──────── AVAILABLE DATA

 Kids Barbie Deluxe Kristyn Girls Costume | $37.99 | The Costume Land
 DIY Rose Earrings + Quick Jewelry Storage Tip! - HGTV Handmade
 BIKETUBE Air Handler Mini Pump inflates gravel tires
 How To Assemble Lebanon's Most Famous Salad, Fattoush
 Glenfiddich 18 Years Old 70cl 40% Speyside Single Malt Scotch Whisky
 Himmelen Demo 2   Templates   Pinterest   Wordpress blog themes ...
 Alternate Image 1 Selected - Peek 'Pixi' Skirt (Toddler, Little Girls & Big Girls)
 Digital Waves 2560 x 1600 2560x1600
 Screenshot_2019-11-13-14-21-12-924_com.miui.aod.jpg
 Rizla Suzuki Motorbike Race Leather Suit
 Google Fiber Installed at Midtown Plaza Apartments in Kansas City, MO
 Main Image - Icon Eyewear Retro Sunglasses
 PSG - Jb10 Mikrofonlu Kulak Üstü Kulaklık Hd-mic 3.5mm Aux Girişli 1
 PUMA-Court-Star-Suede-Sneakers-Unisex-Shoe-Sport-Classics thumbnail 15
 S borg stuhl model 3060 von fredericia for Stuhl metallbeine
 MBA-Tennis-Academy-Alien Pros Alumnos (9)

────────────────

_WHAT THE TASK ASKS_
Could you quote the material above in full, exactly as it stands?

_ANSWER SECTION_
 Kids Barbie Deluxe Kristyn Girls Costume | $37.99 | The Costume Land
 DIY Rose Earrings + Quick Jewelry Storage Tip! - HGTV Handmade
 BIKETUBE Air Handler Mini Pump inflates gravel tires
 How To Assemble Lebanon's Most Famous Salad, Fattoush
 Glenfiddich 18 Years Old 70cl 40% Speyside Single Malt Scotch Whisky
 Himmelen Demo 2   Templates   Pinterest   Wordpress blog themes ...
 Alternate Image 1 Selected - Peek 'Pixi' Skirt (Toddler, Little Girls & Big Girls)
 Digital Waves 2560 x 1600 2560x1600
 Screenshot_2019-11-13-14-21-12-924_com.miui.aod.jpg
 Rizla Suzuki Motorbike Race Leather Suit
 Google Fiber Installed at Midtown Plaza Apartments in Kansas City, MO
 Main Image - Icon Eyewear Retro Sunglasses
 PSG - Jb10 Mikrofonlu Kulak Üstü Kulaklık Hd-mic 3.5mm Aux Girişli 1
 PUMA-Court-Star-Suede-Sneakers-Unisex-Shoe-Sport-Classics thumbnail 15
 S borg stuhl model 3060 von fredericia for Stuhl metallbeine
 MBA-Tennis-Academy-Alien Pros Alumnos (9)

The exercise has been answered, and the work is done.